= Beginning of Section =
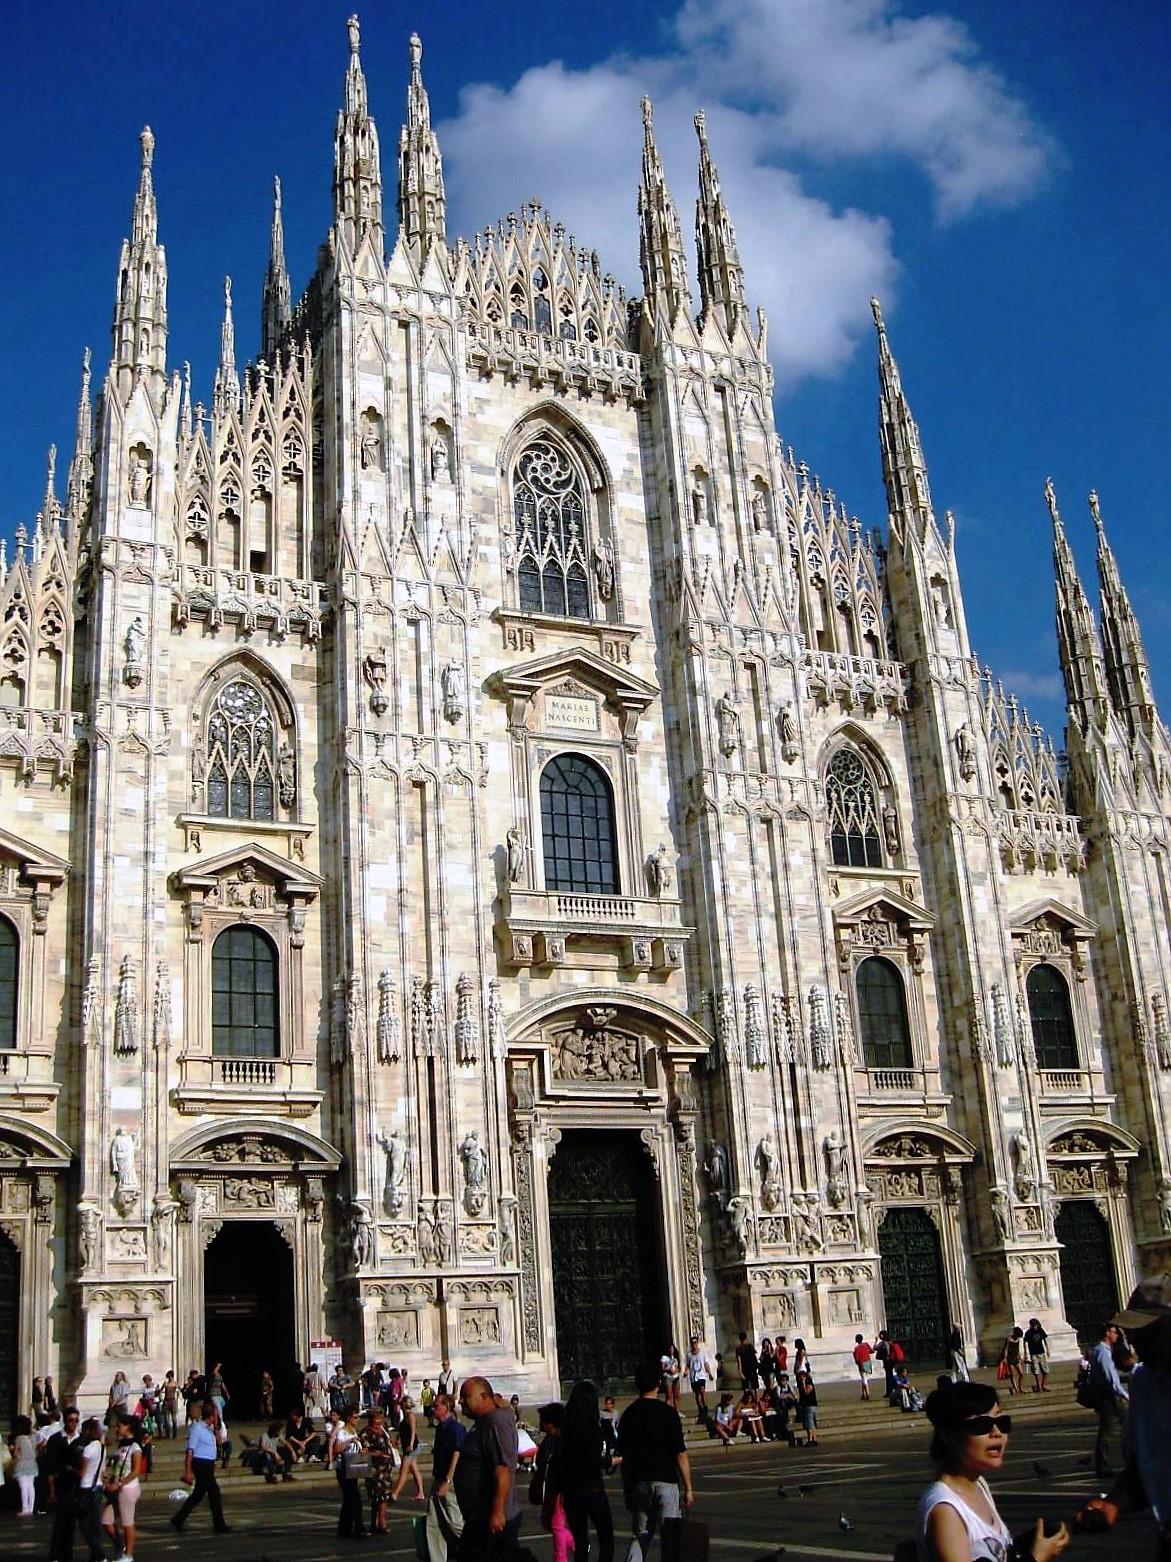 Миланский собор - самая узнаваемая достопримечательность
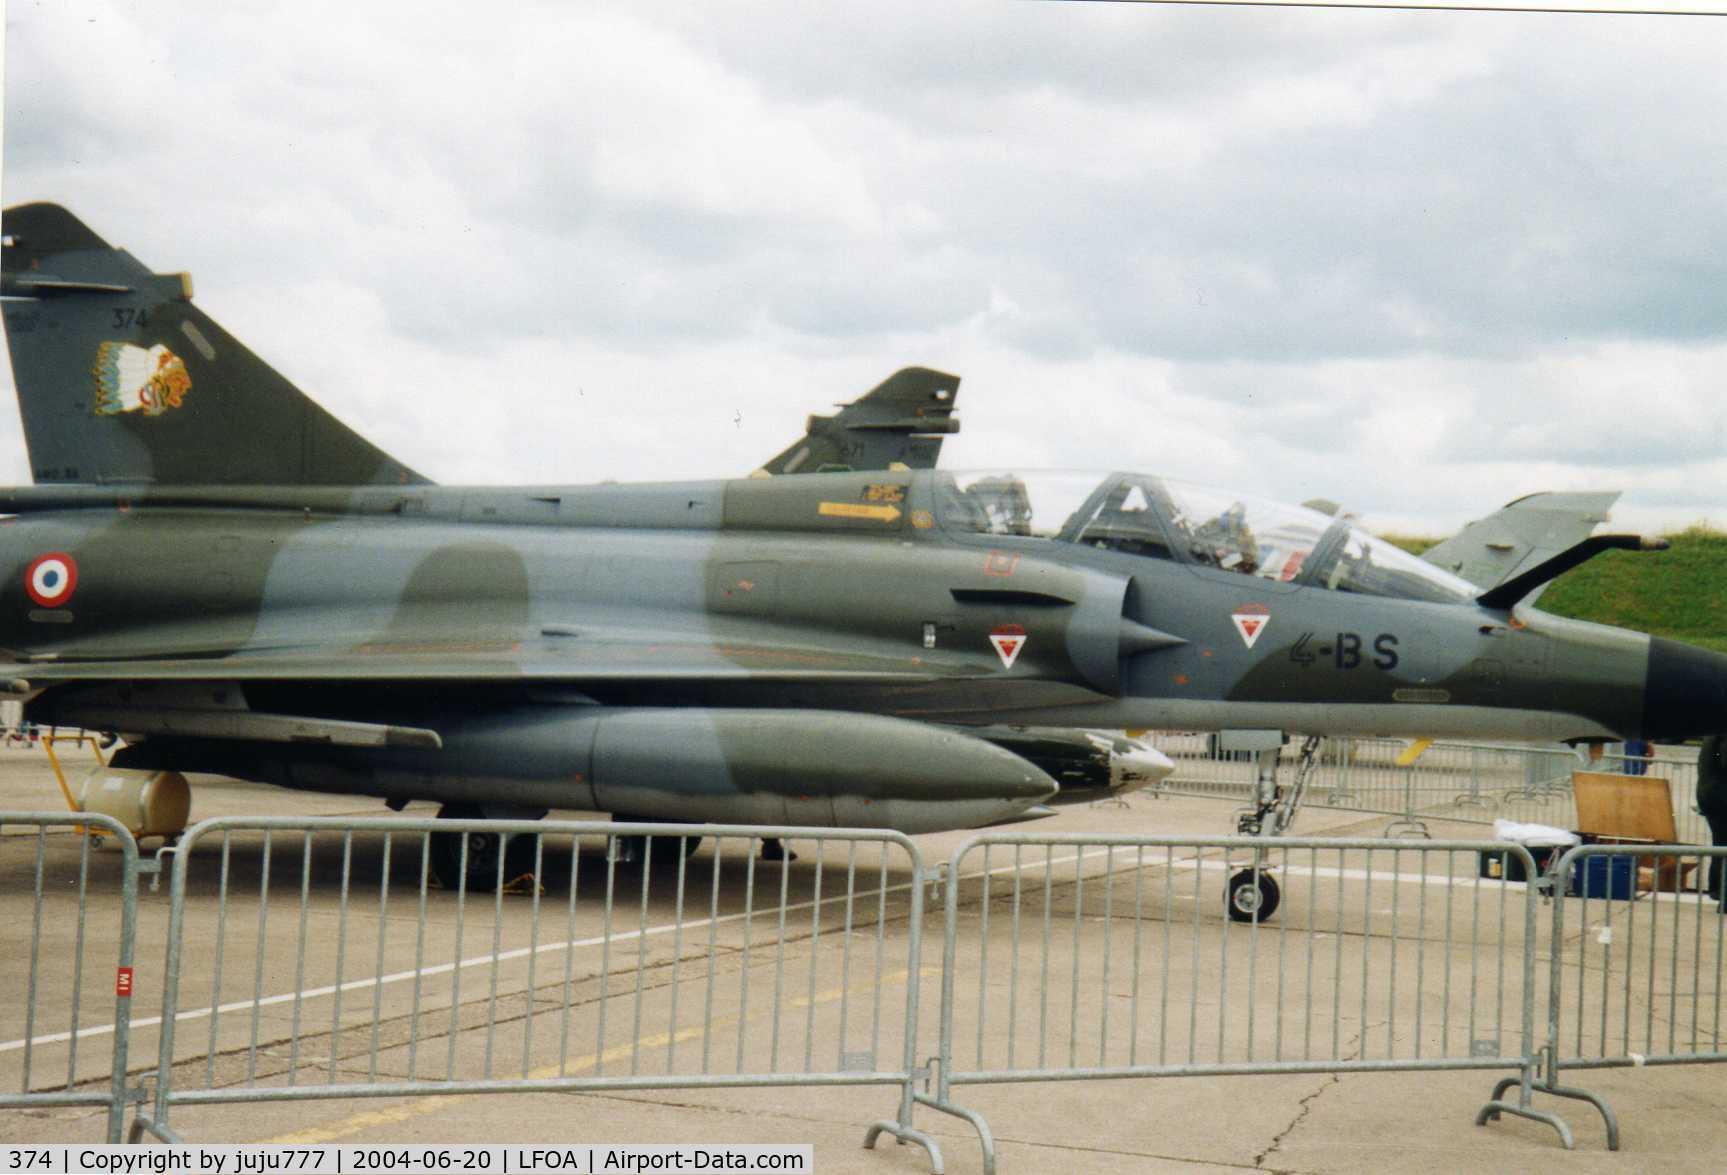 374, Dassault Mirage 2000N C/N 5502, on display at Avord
= End of Section =
= Beginning of Section =
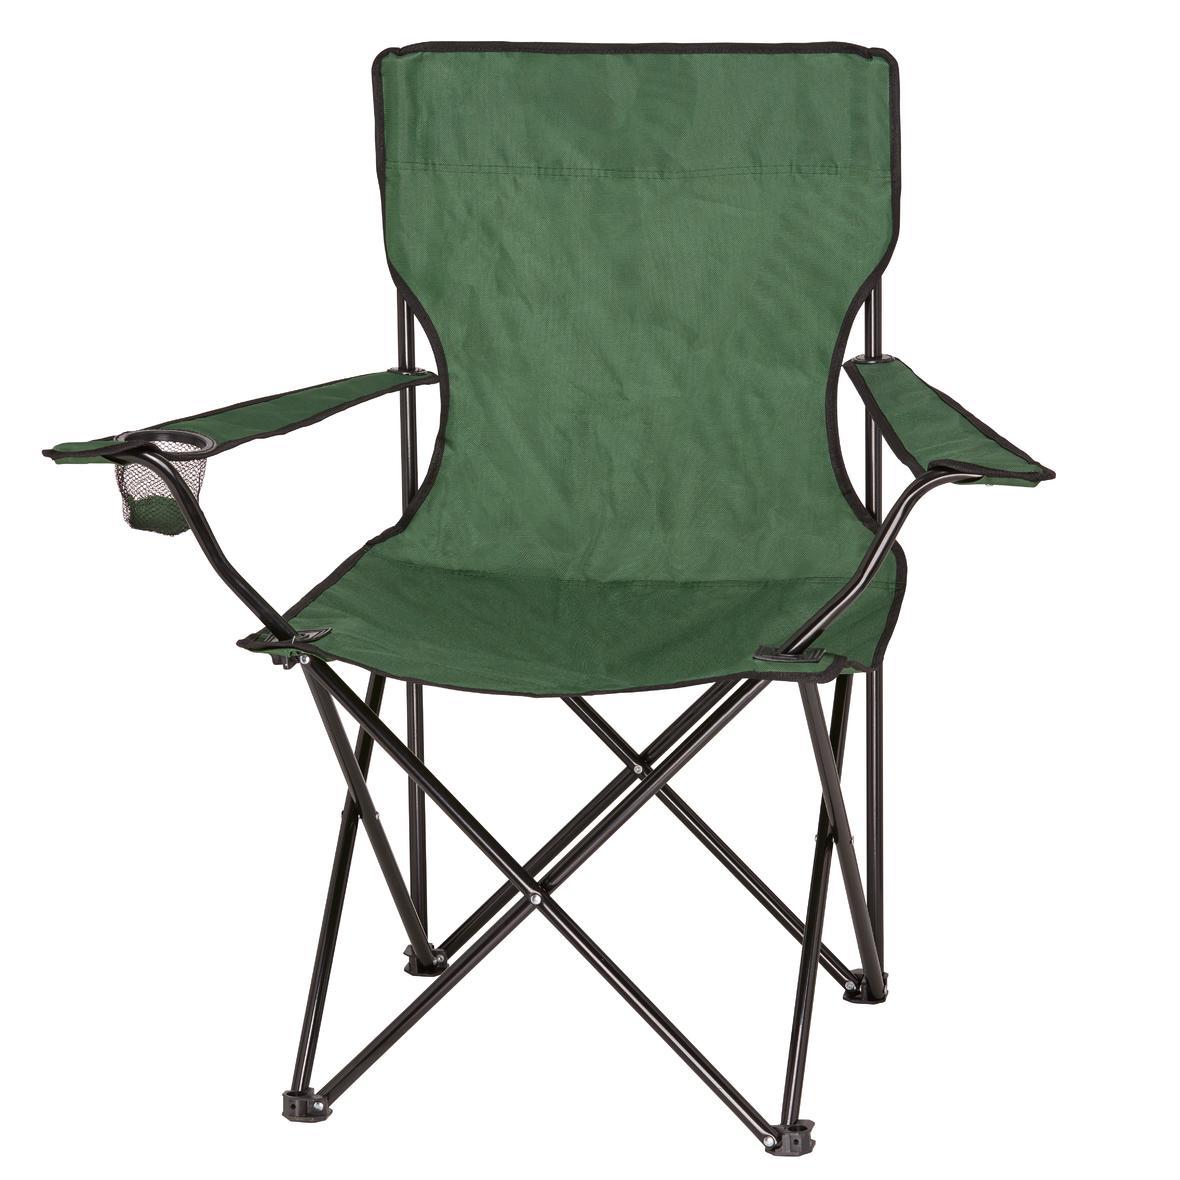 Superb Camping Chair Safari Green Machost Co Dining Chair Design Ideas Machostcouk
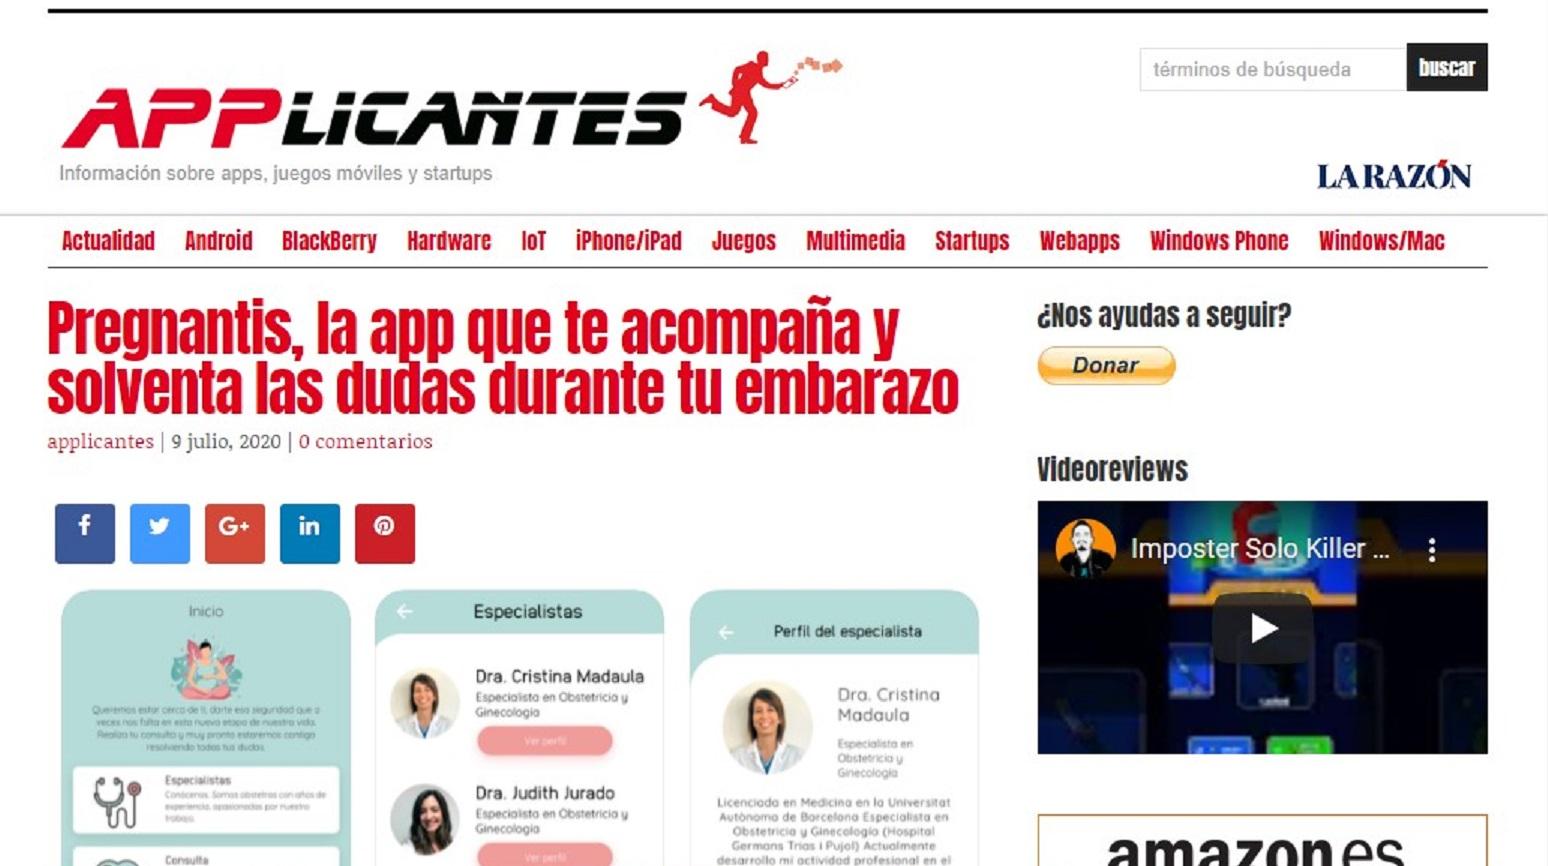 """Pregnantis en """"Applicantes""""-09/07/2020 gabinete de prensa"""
= End of Section =
= Beginning of Section =
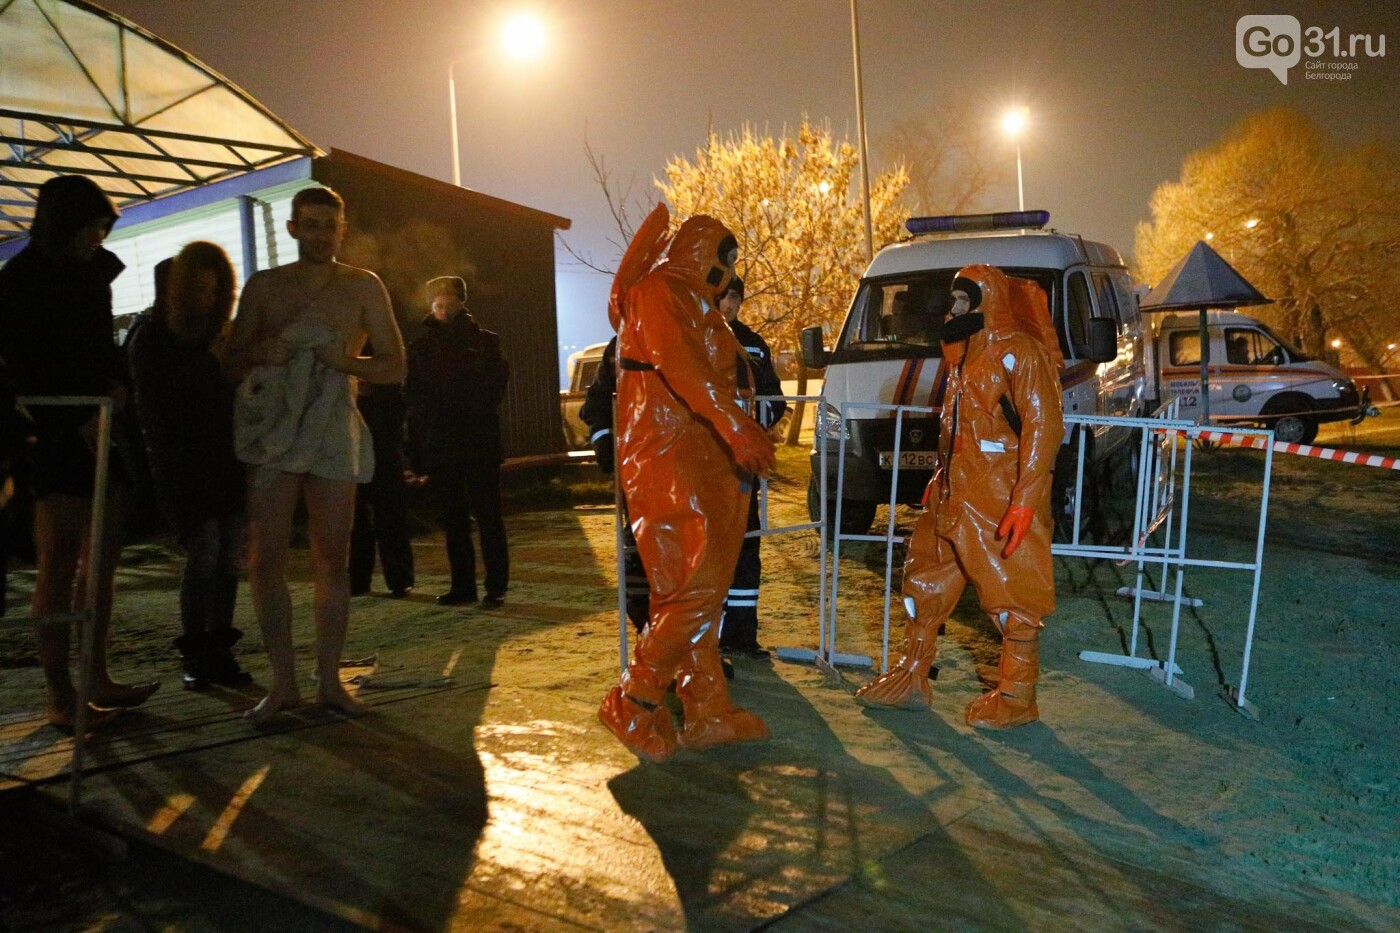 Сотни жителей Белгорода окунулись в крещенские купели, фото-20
= End of Section =
» **Task instructions**
Using the entries above, extract exactly the lines from the one that contains "Миланский собор - самая" through the one that contains "374, Dassault Mirage". Do not carry over any pictures.

» **Task answer**
 Миланский собор - самая узнаваемая достопримечательность
 374, Dassault Mirage 2000N C/N 5502, on display at Avord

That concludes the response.